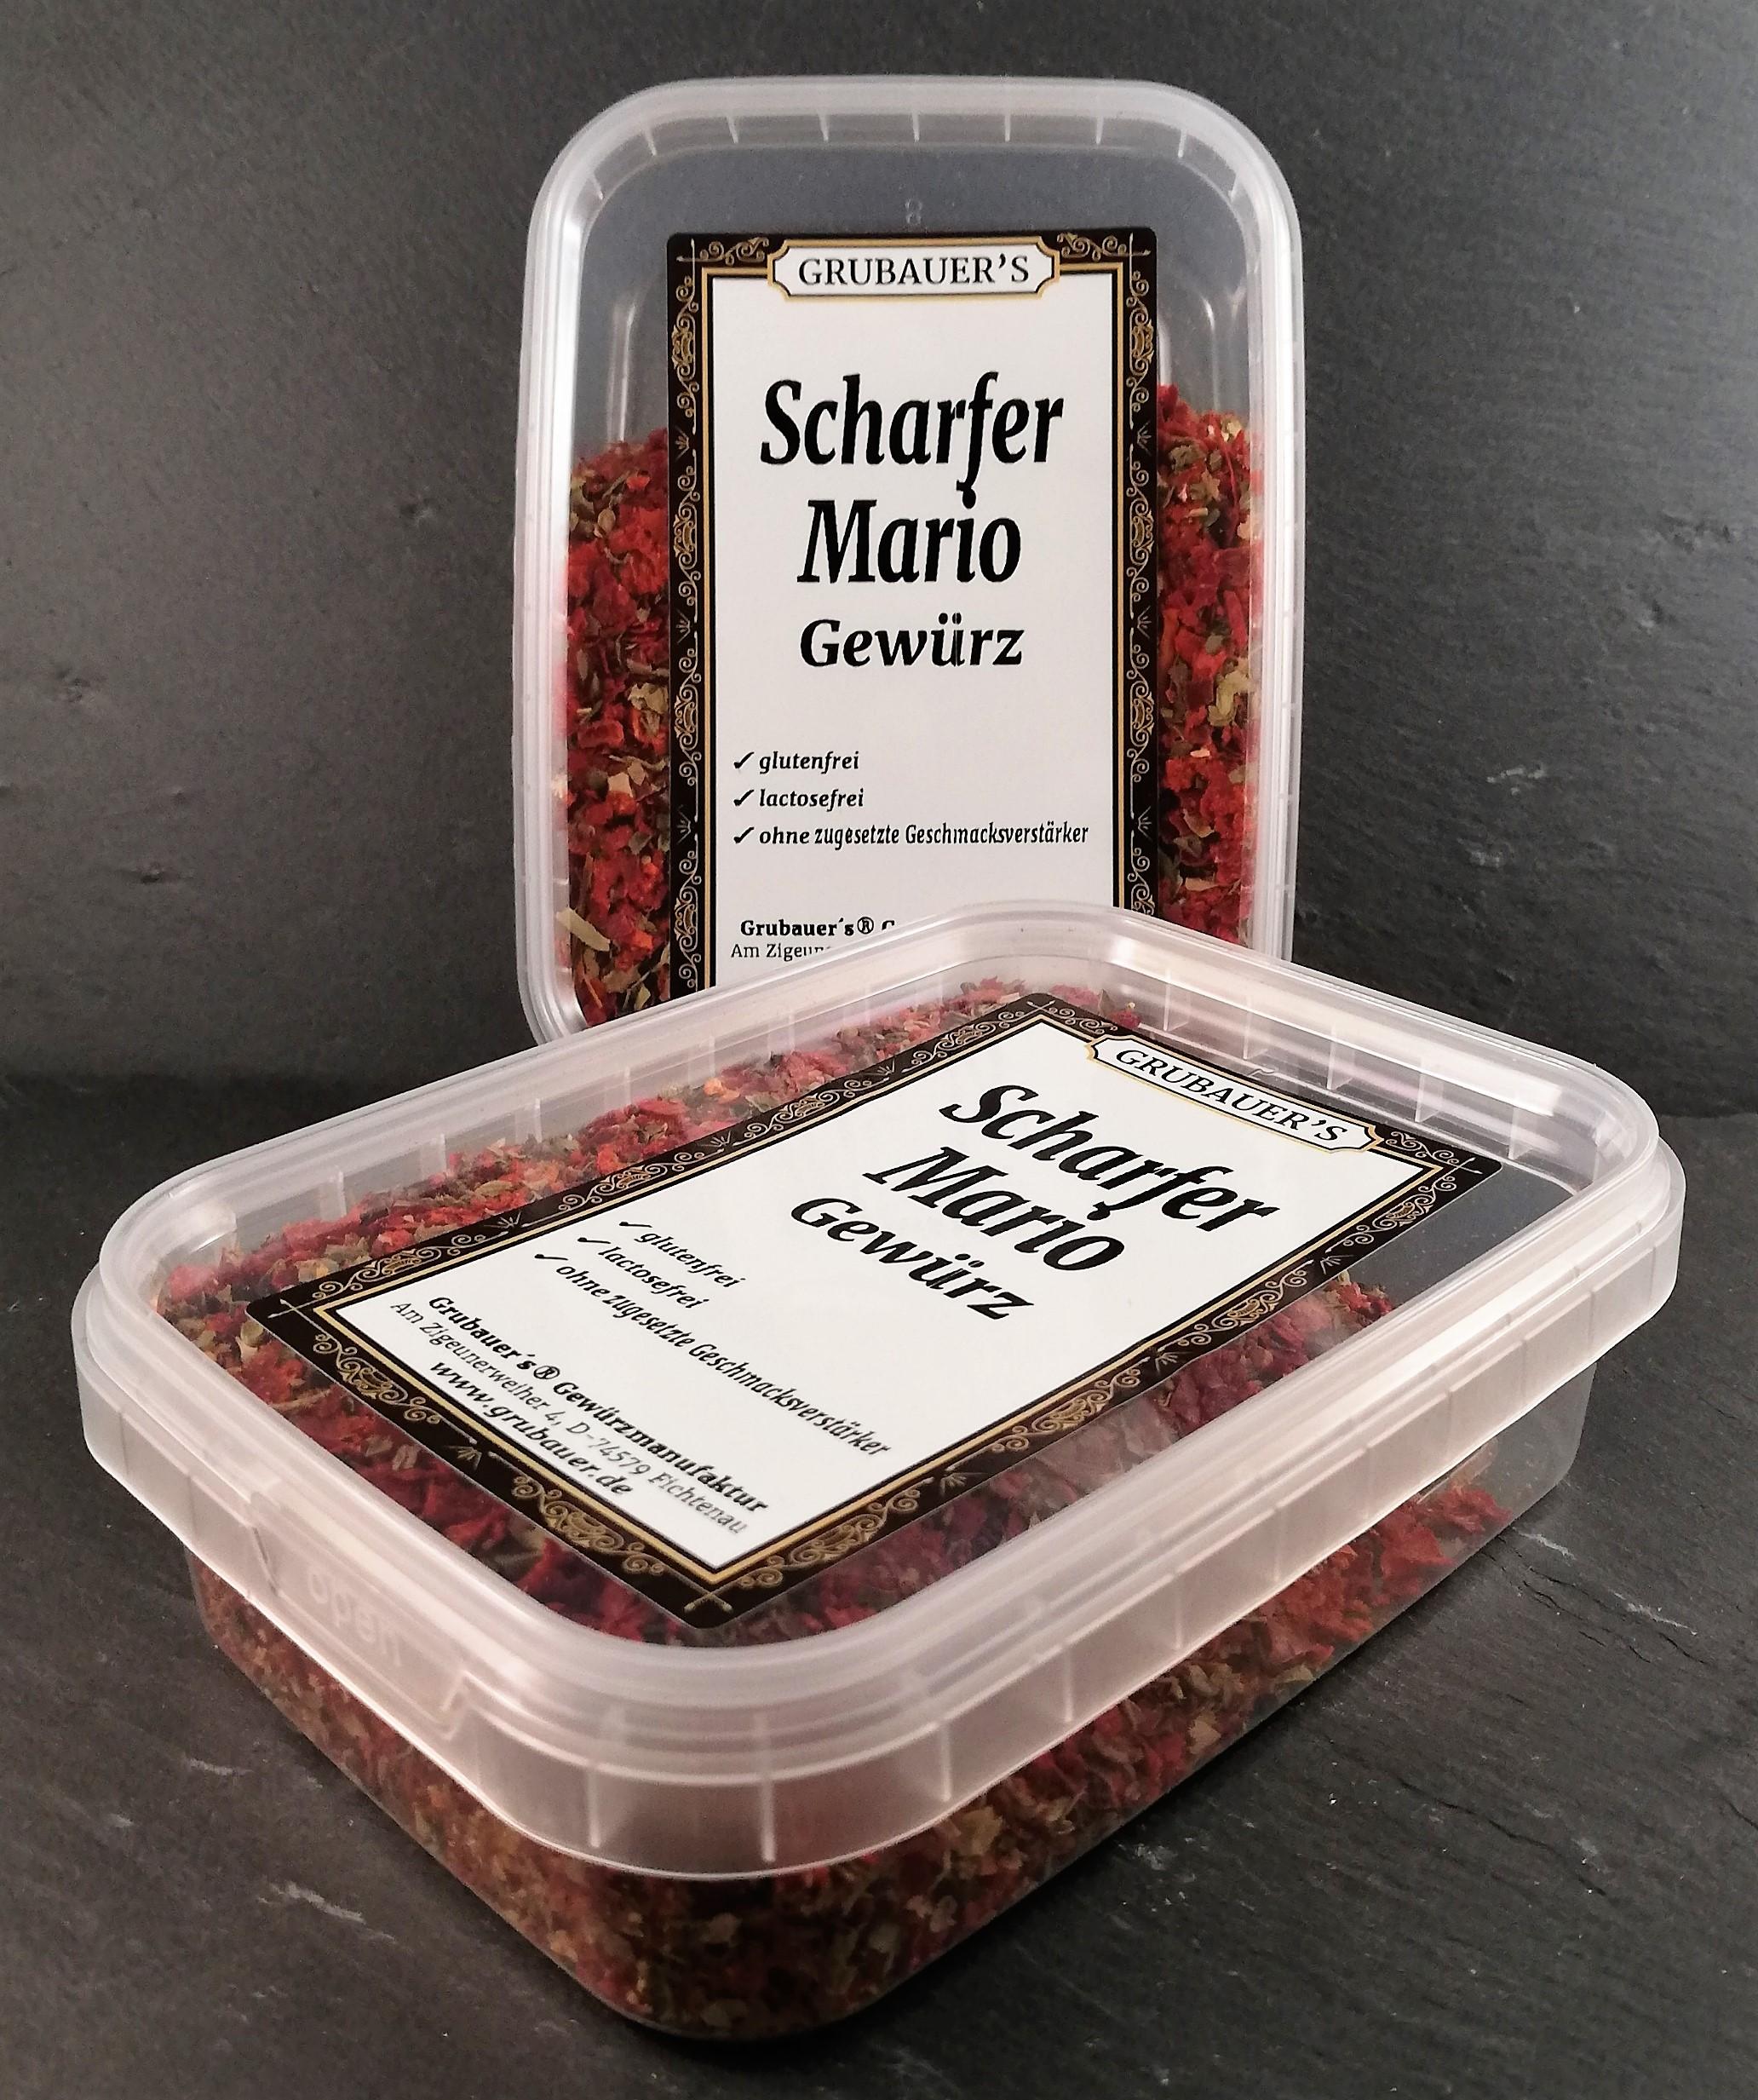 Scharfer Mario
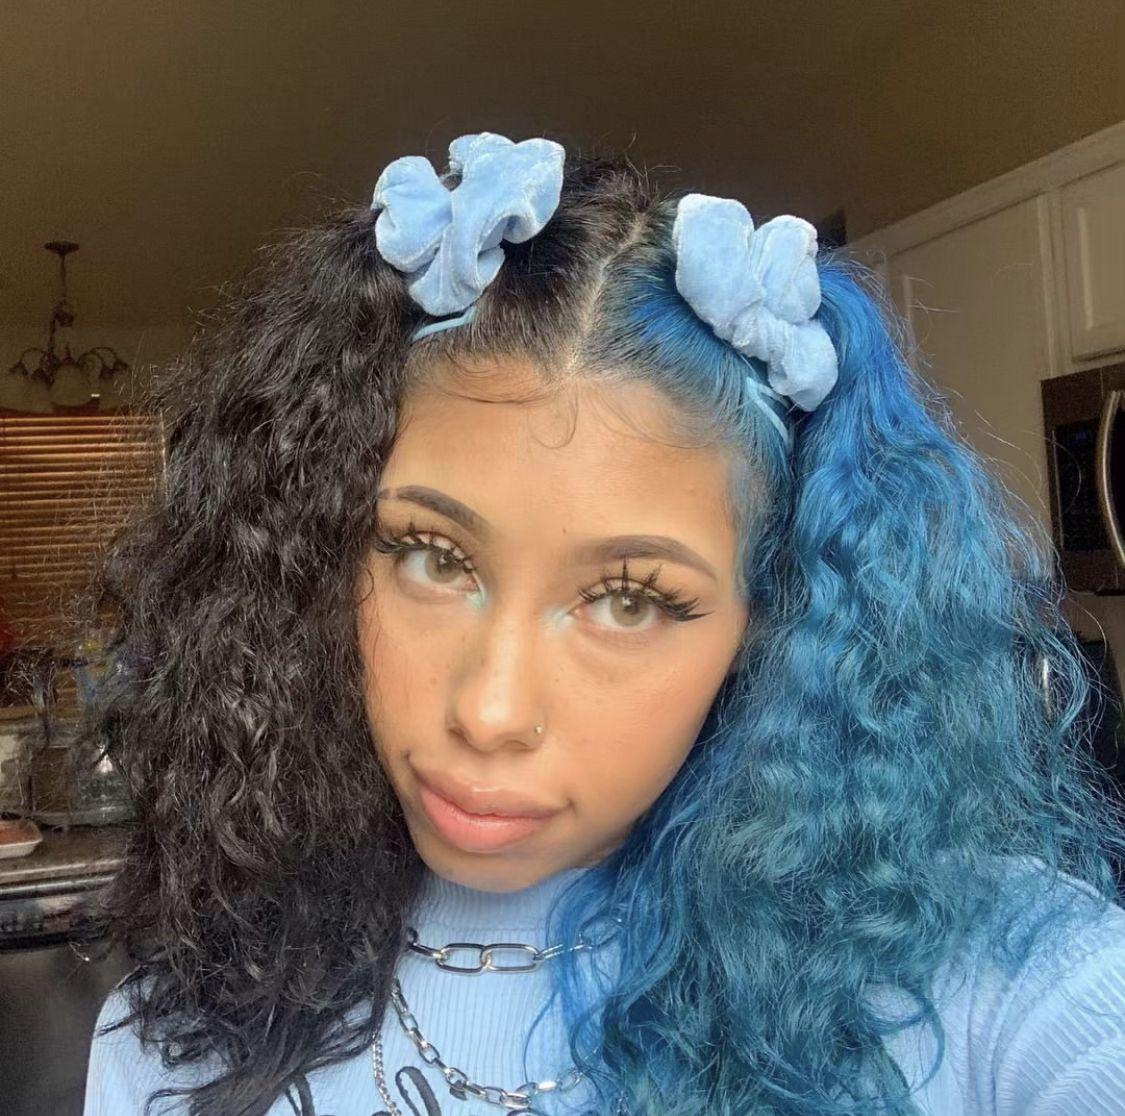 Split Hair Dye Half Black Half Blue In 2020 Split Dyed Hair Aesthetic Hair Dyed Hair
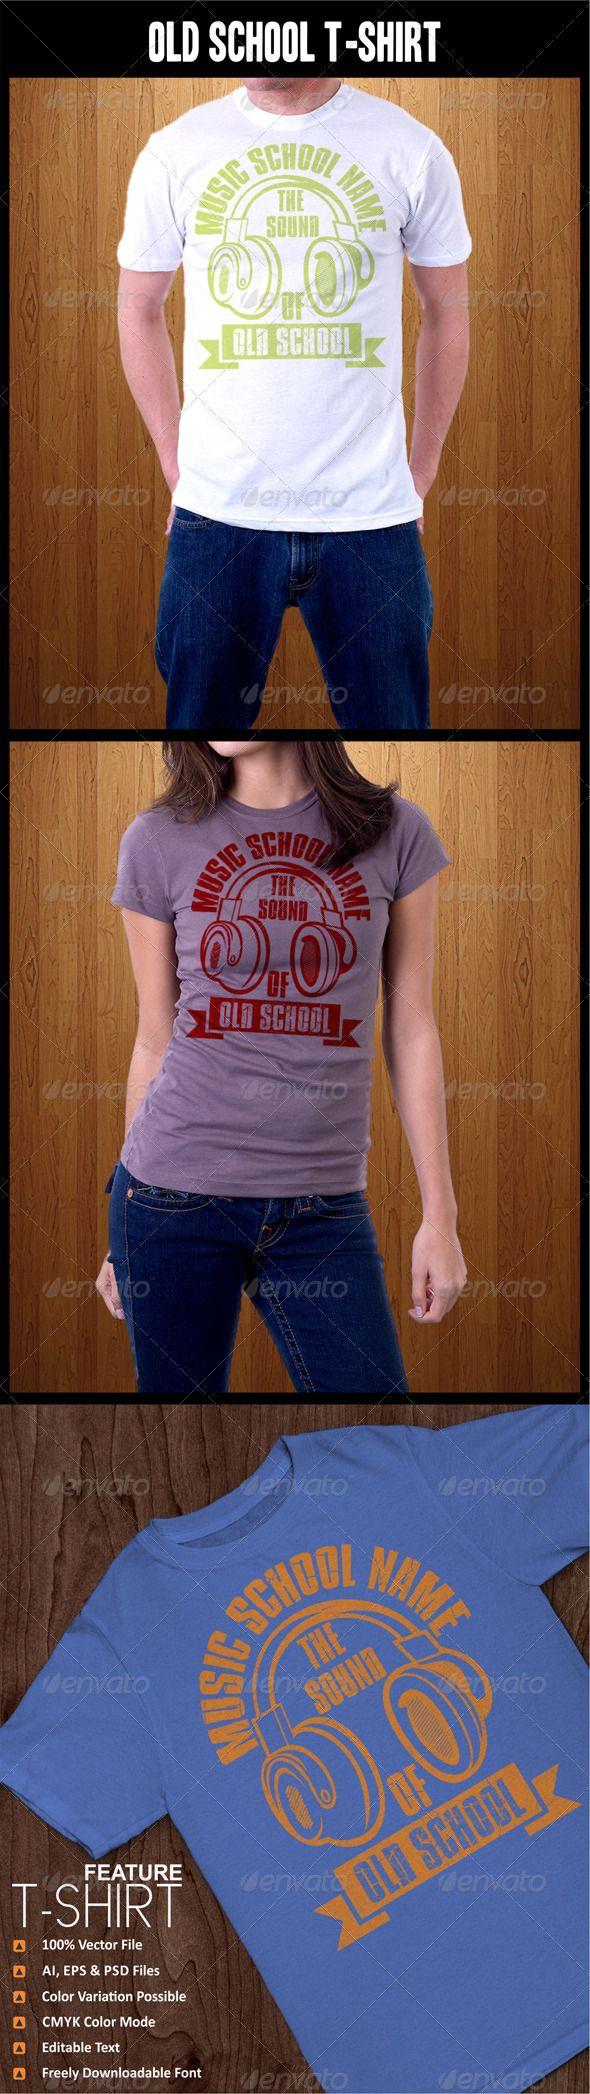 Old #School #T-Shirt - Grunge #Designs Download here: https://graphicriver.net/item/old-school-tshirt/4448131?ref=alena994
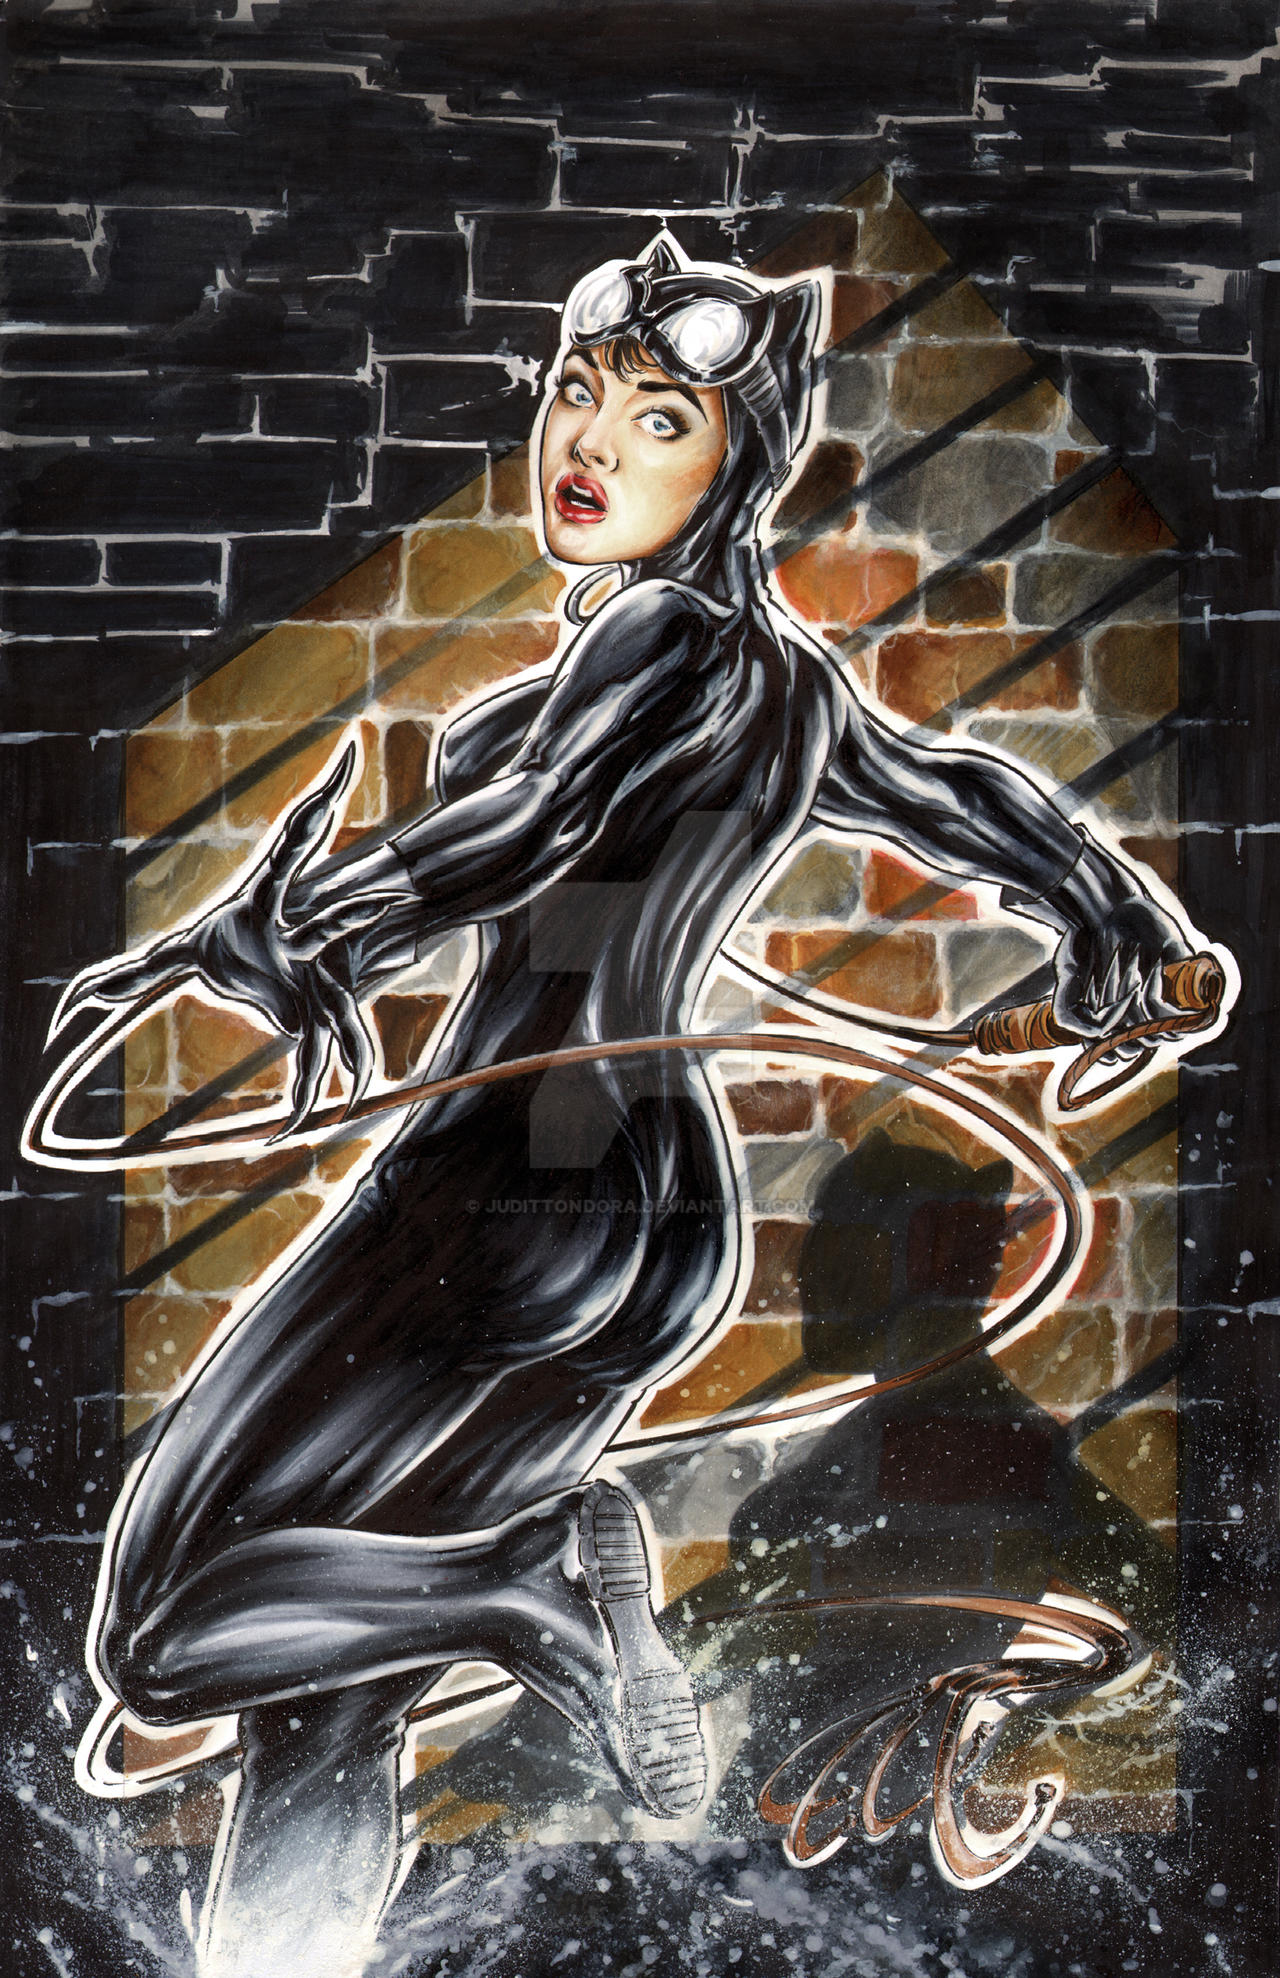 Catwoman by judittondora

## What you are asked to do
Copy the lines above exactly and exclude every image.

## Reply to the task
 Scharfer Mario
 Split Hair Dye Half Black Half Blue In 2020 Split Dyed Hair Aesthetic Hair Dyed Hair
 Old #School #T-Shirt - Grunge #Designs Download here: https://graphicriver.net/item/old-school-tshirt/4448131?ref=alena994
 Catwoman by judittondora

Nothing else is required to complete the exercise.